# Task
From the first line of the listing to the last, set down everything exactly, but skip the images.

# Supplied data
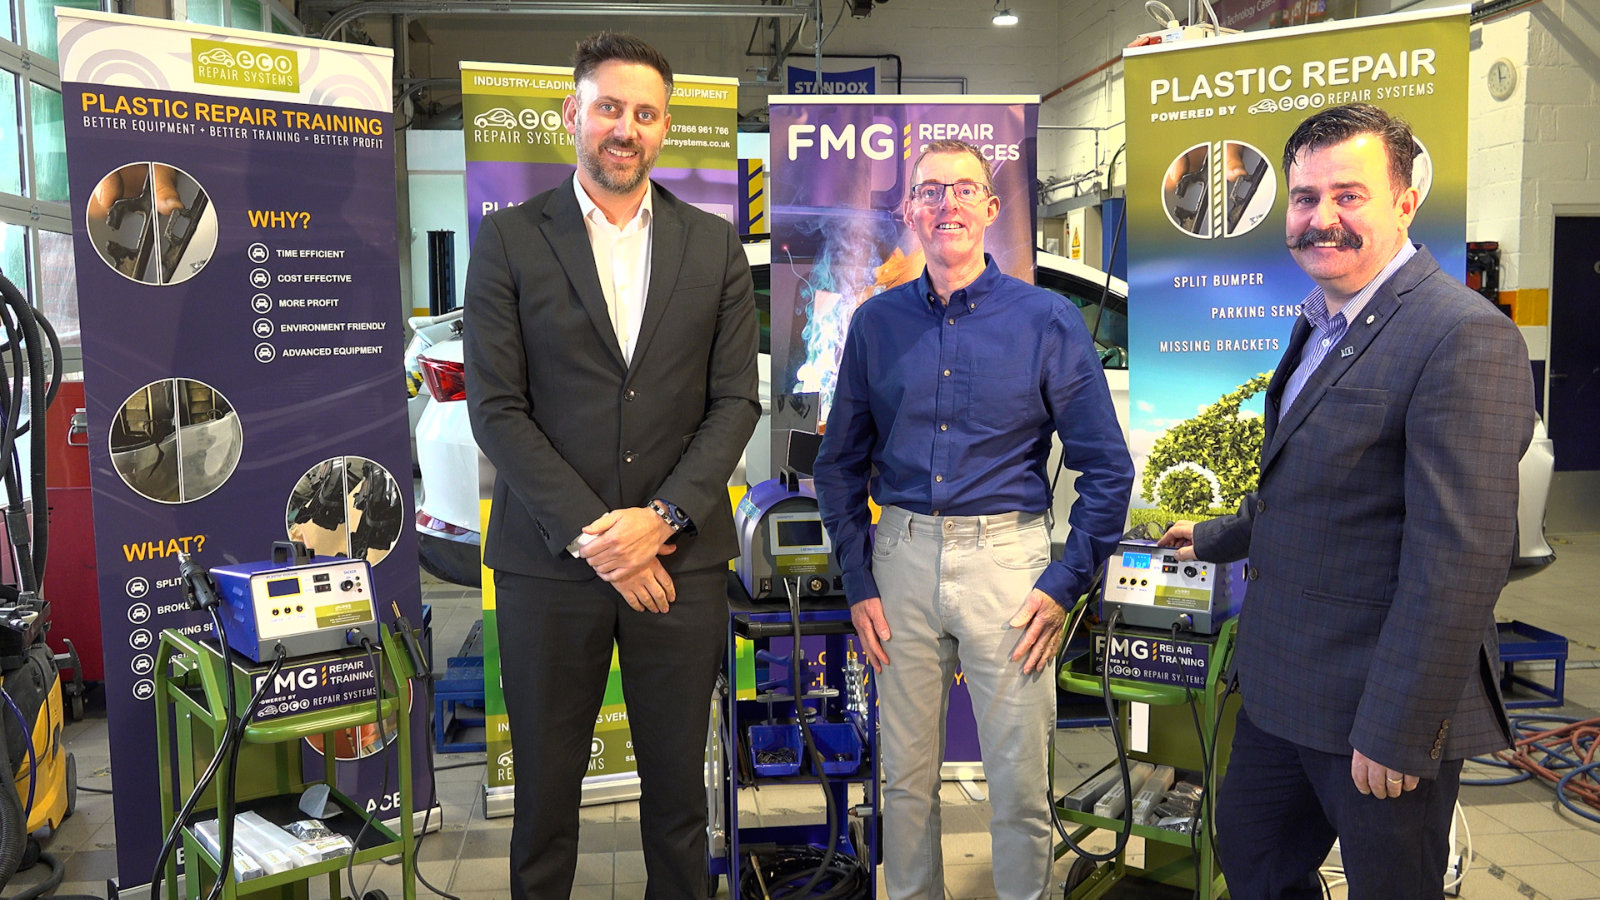 Plastic Repair Training Partnership Launched by Eco Repair Systems and FMG Repair Services across its network
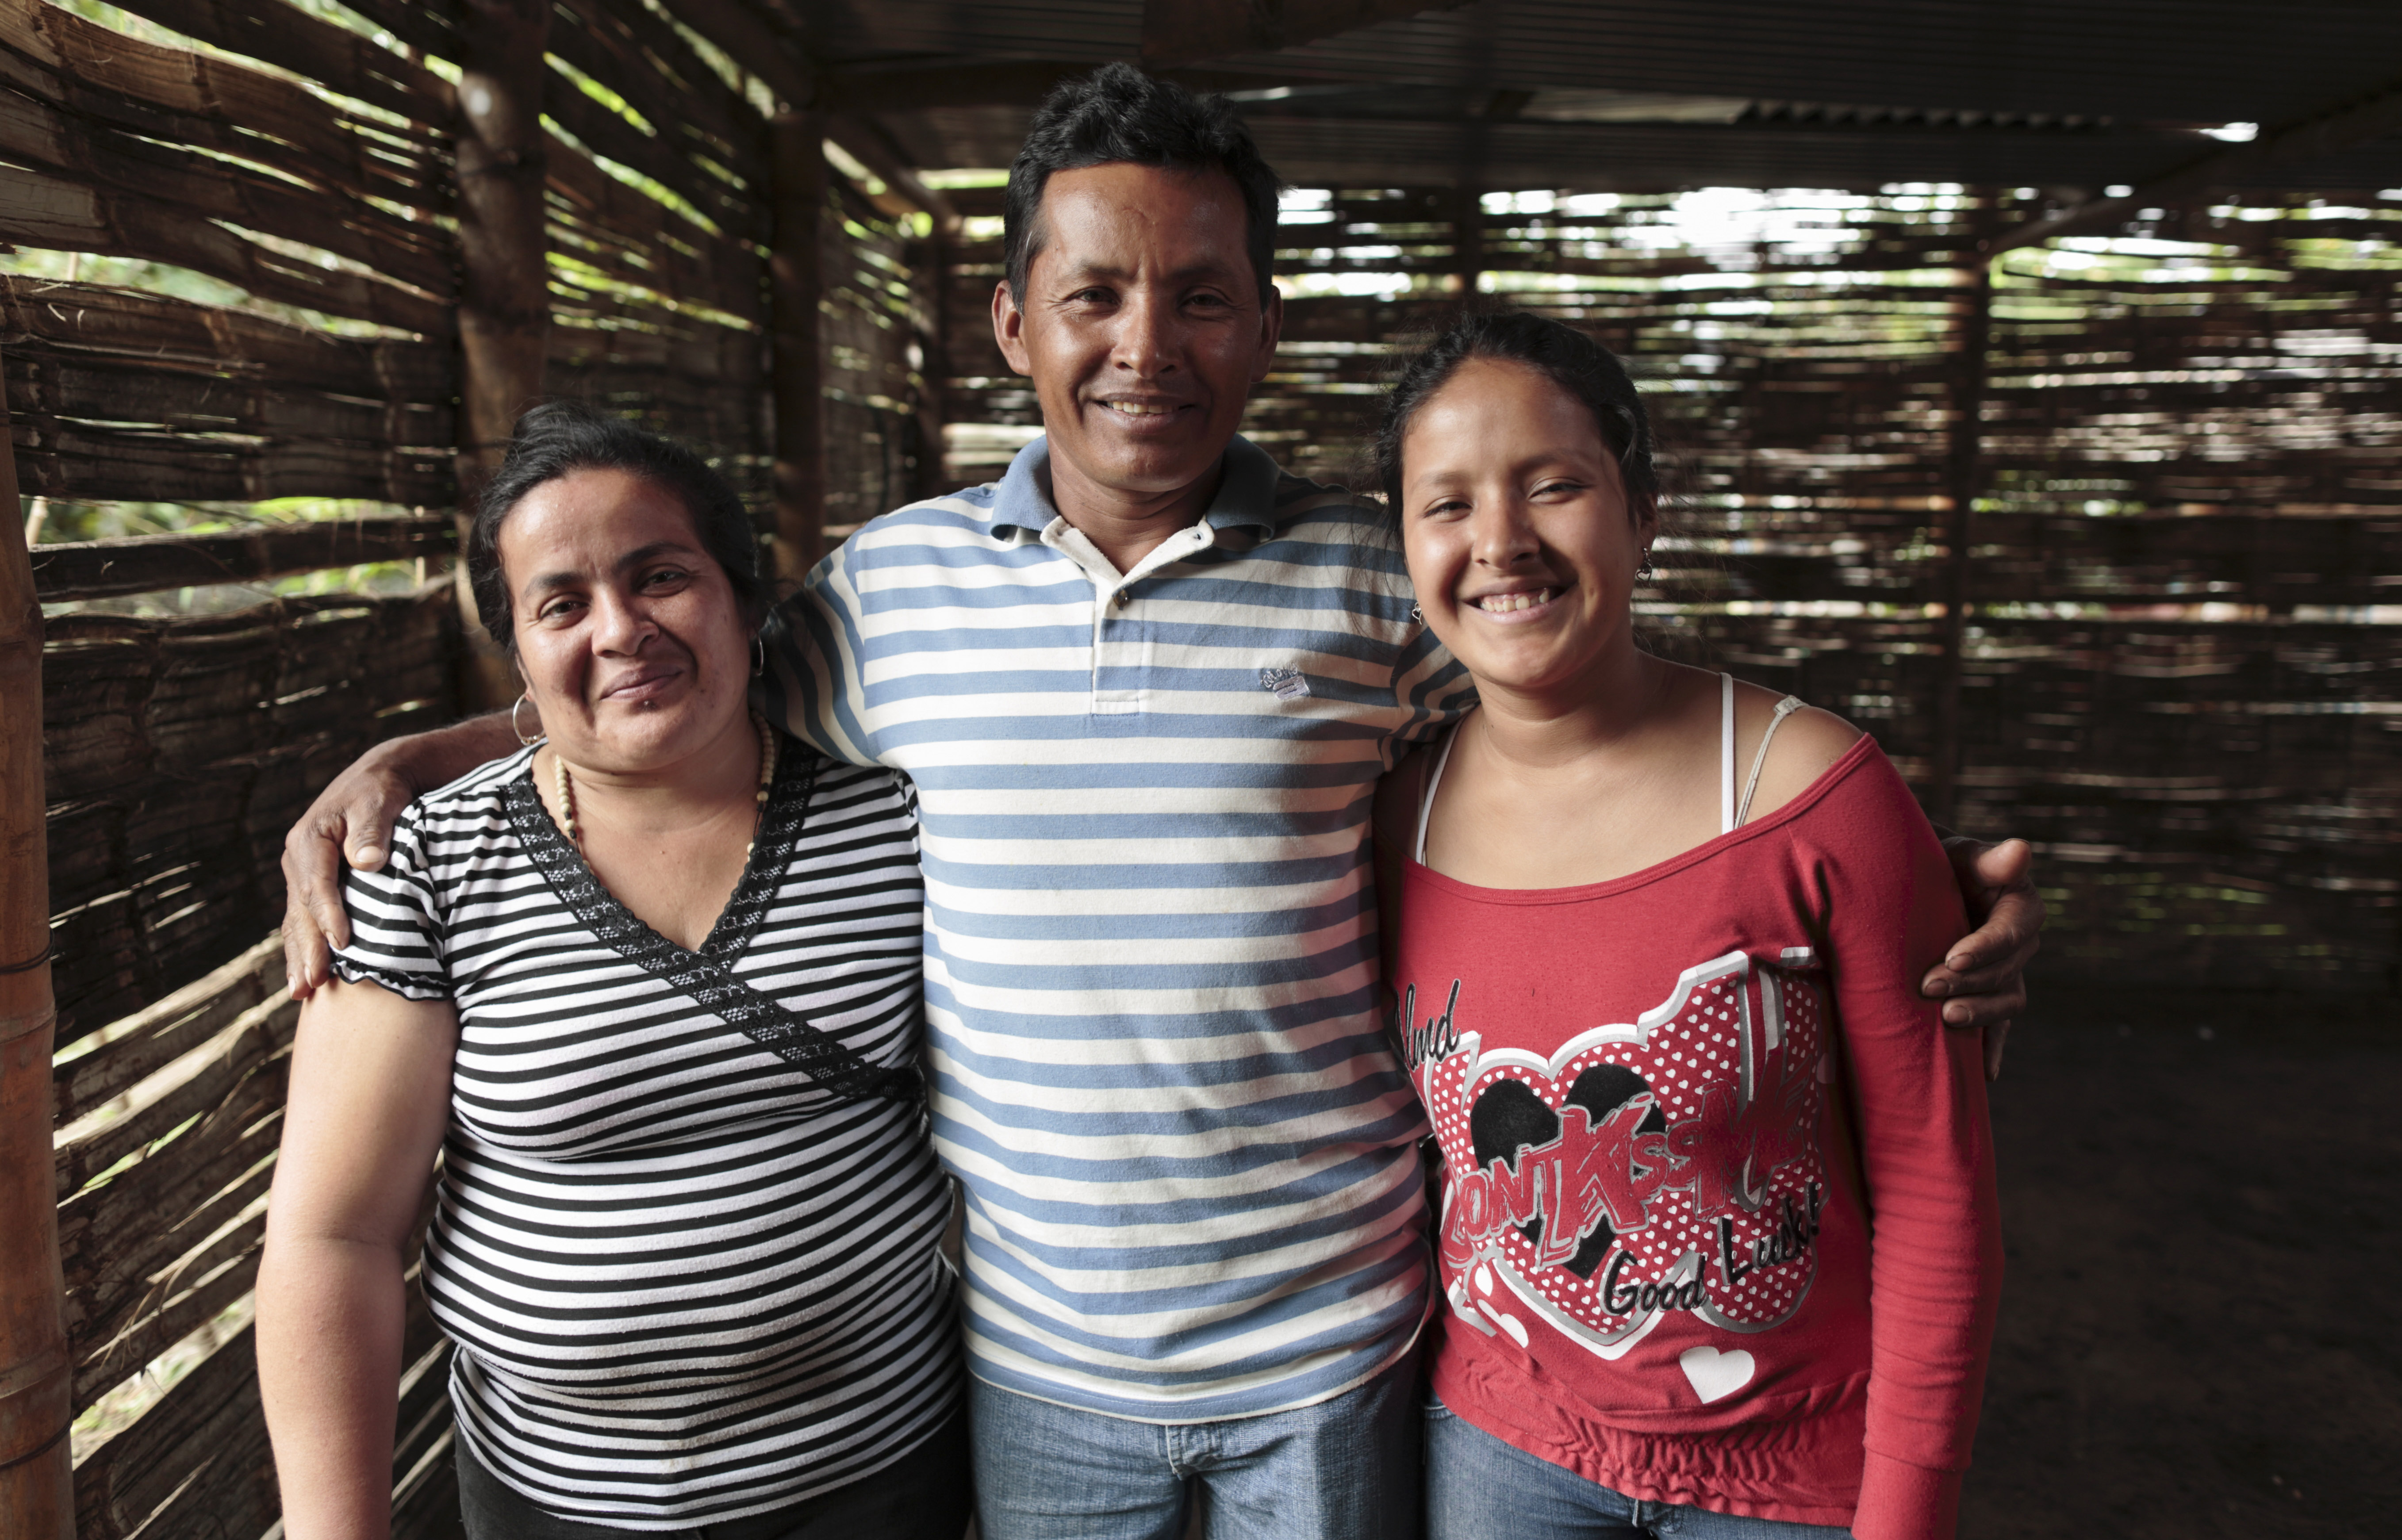 Meet Maria and her family from Colombia.  After fleeing violence in their home state, they have found a new life in the coffee lands in the high Andes Mountains.  Maria is a natural and gifted coffee
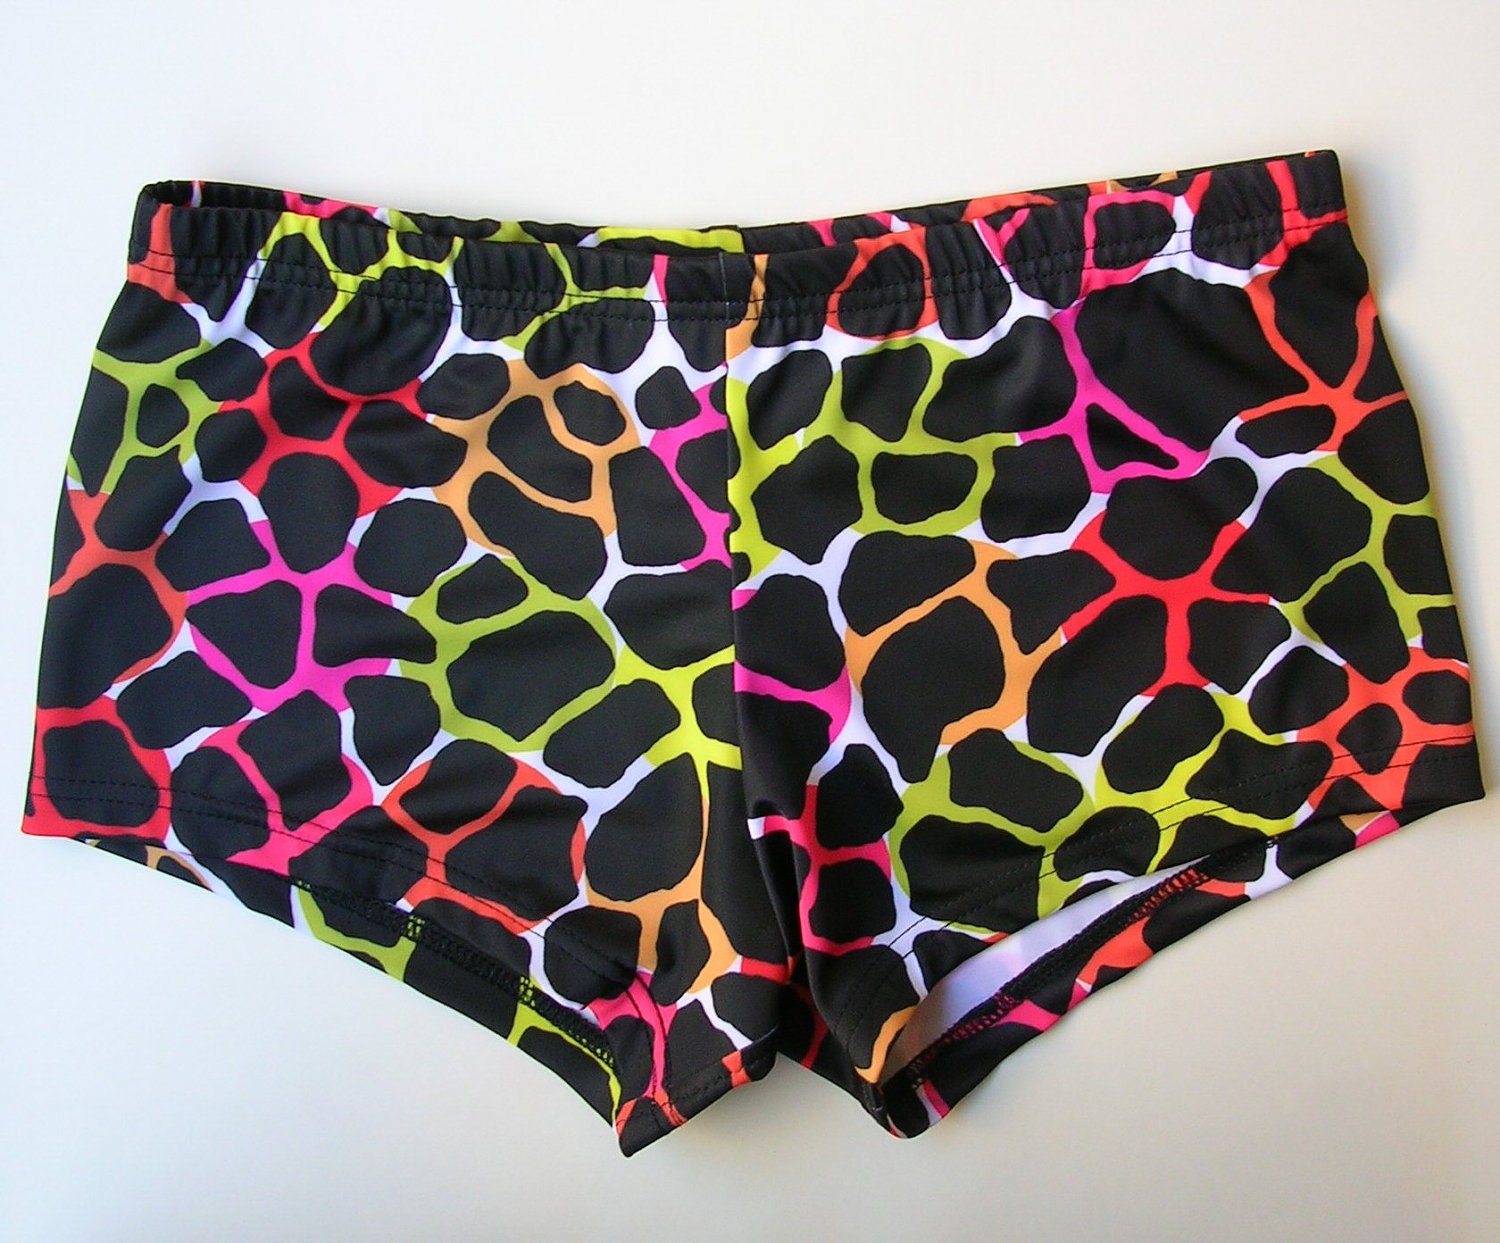 Mens Low Rise Square Cut Swimsuit in Wired Giraffe Print - Etsy

# Answer space
 Plastic Repair Training Partnership Launched by Eco Repair Systems and FMG Repair Services across its network
 Meet Maria and her family from Colombia.  After fleeing violence in their home state, they have found a new life in the coffee lands in the high Andes Mountains.  Maria is a natural and gifted coffee
 Mens Low Rise Square Cut Swimsuit in Wired Giraffe Print - Etsy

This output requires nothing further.